Stored data:
___

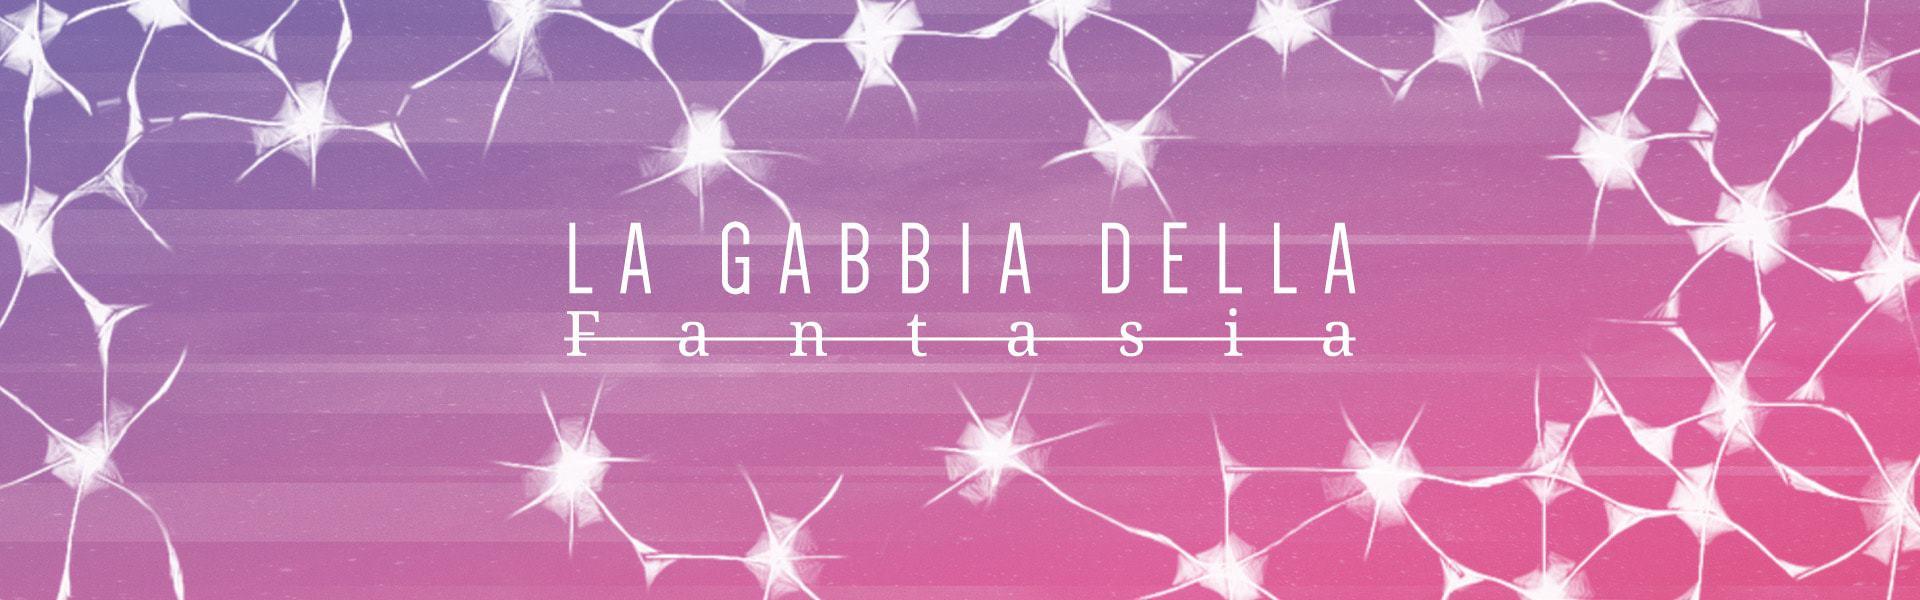 La Gabbia della Fantasia / Artisti in Piazza / Pennabilli Festival 2018
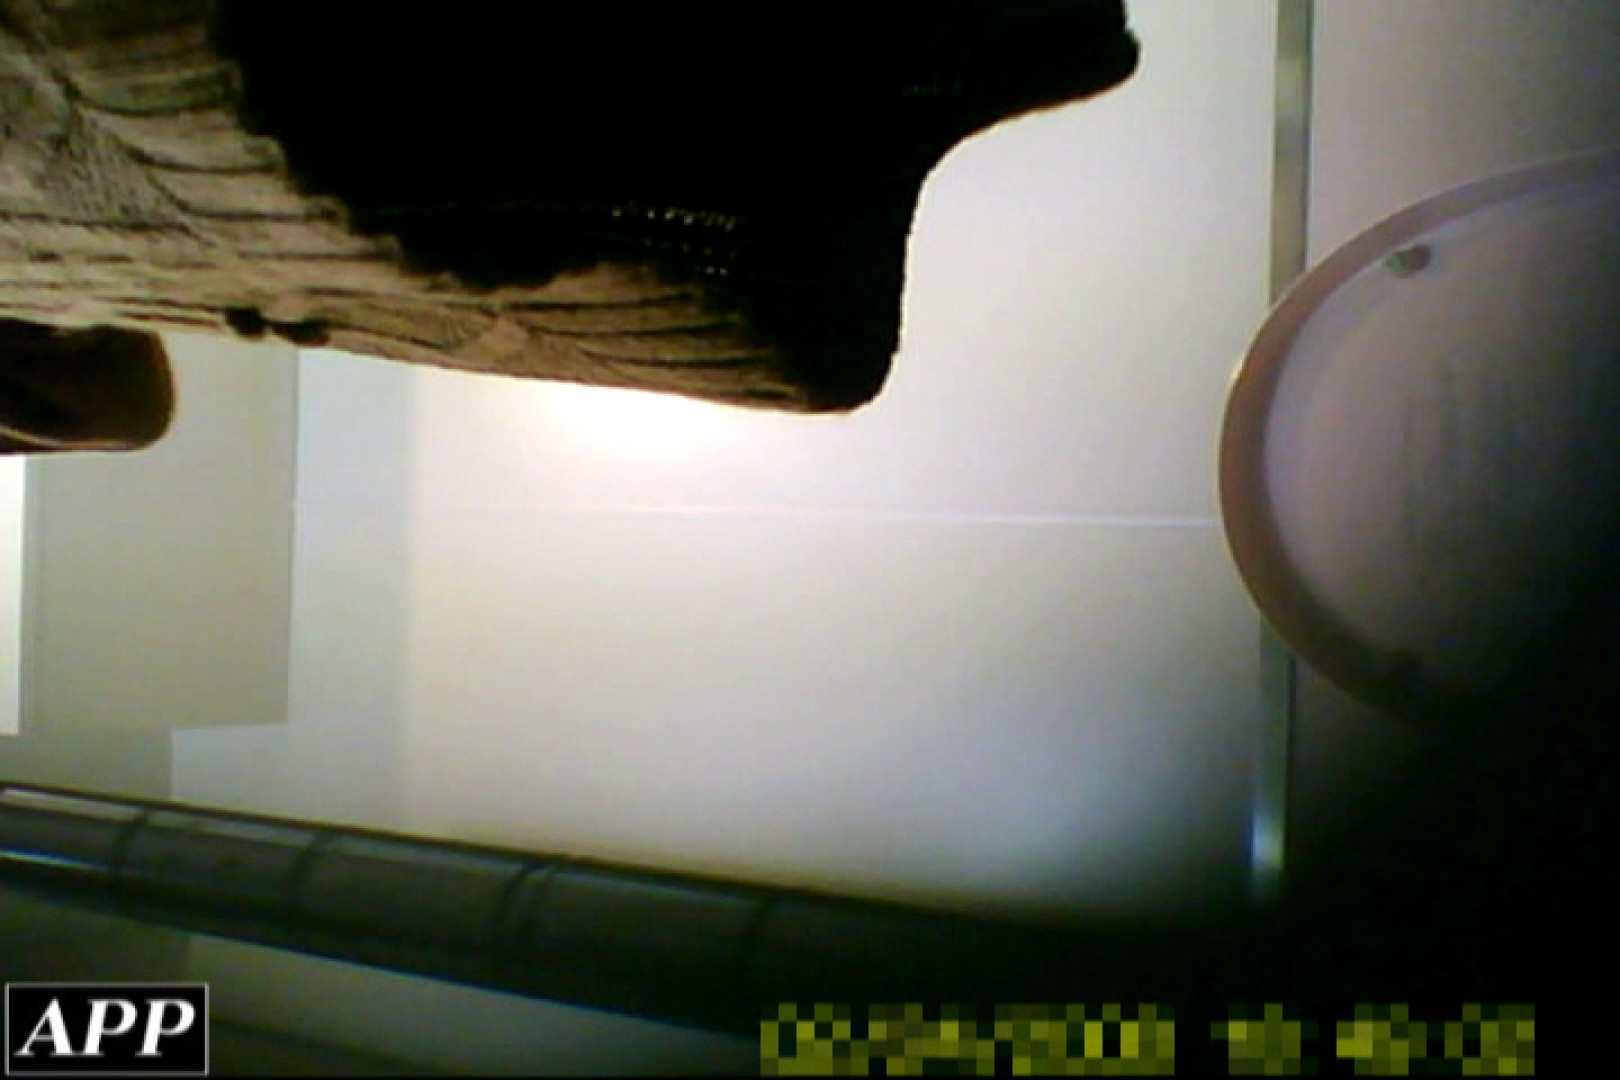 3視点洗面所 vol.001 いやらしいOL エロ画像 65連発 17
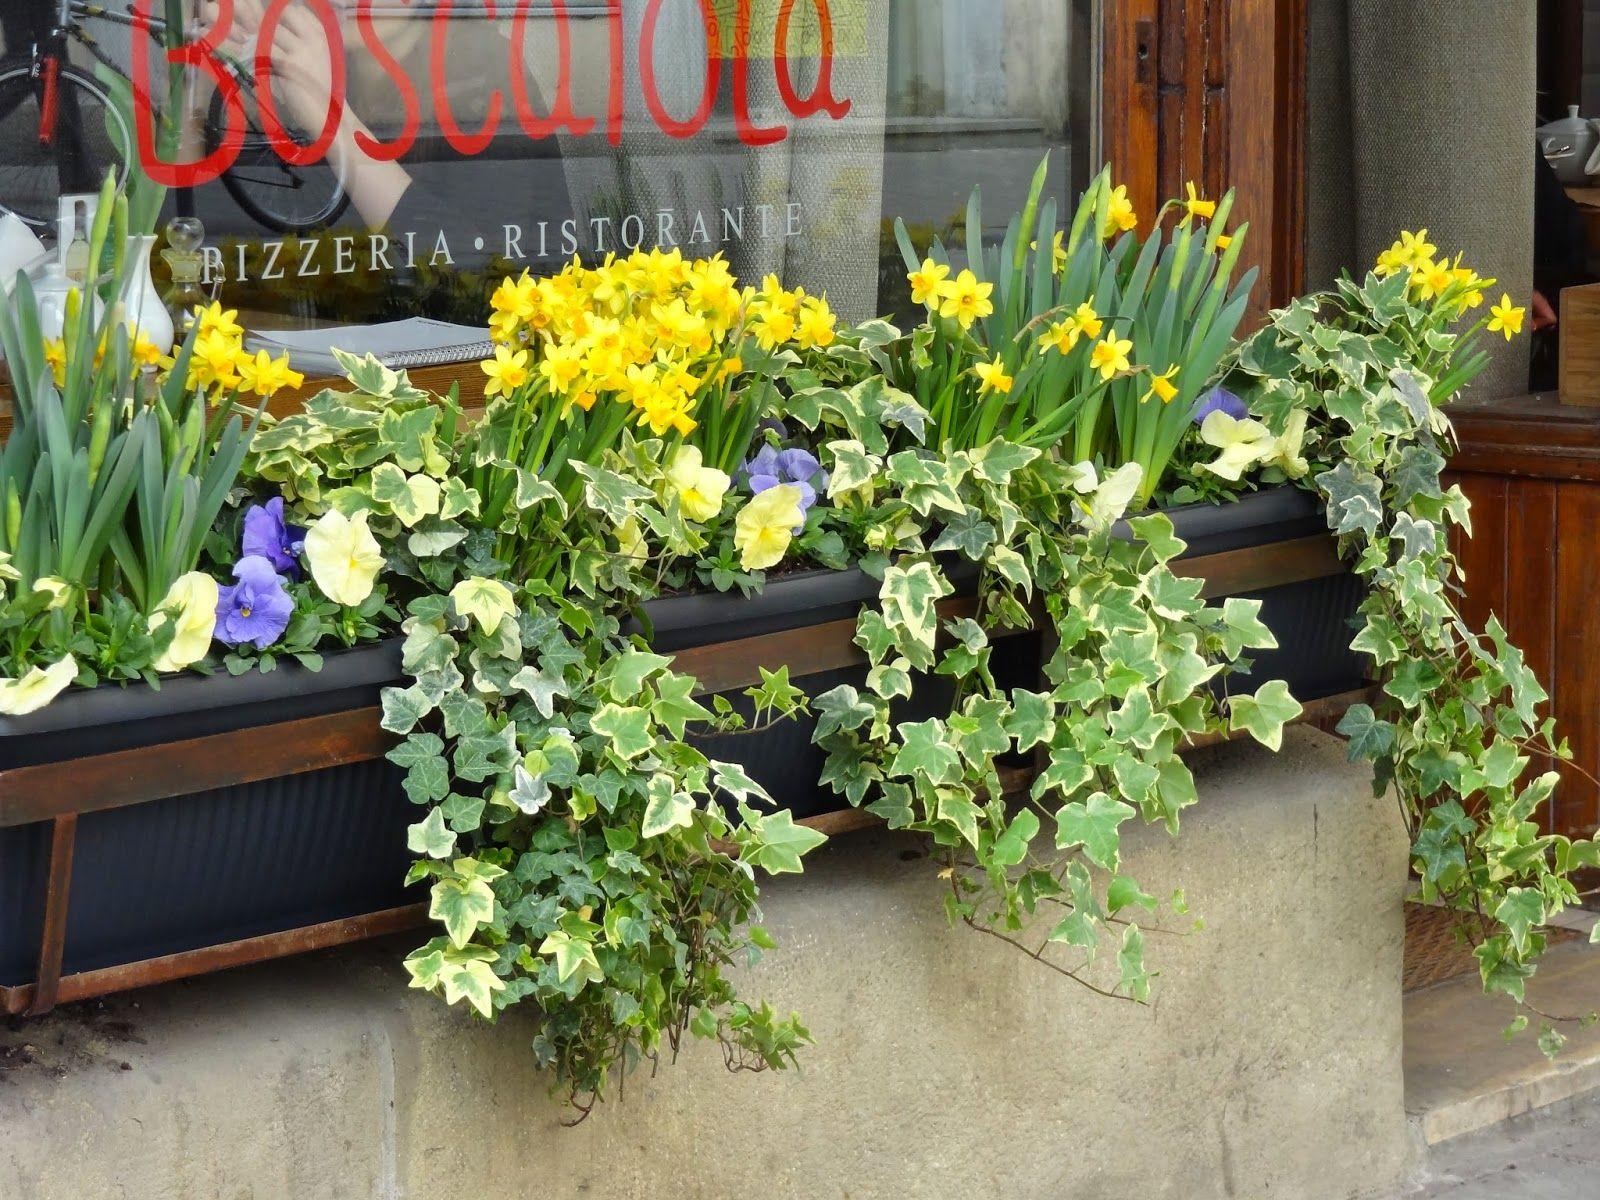 Pin By Sylwia Zk On Kompozycje Wiosenne W Donicach Plants

___

Aim of the exercise: Without including any picture, write out the material above verbatim.

Response to the exercise:
 La Gabbia della Fantasia / Artisti in Piazza / Pennabilli Festival 2018
 3視点洗面所 vol.001 いやらしいOL エロ画像 65連発 17
 Pin By Sylwia Zk On Kompozycje Wiosenne W Donicach Plants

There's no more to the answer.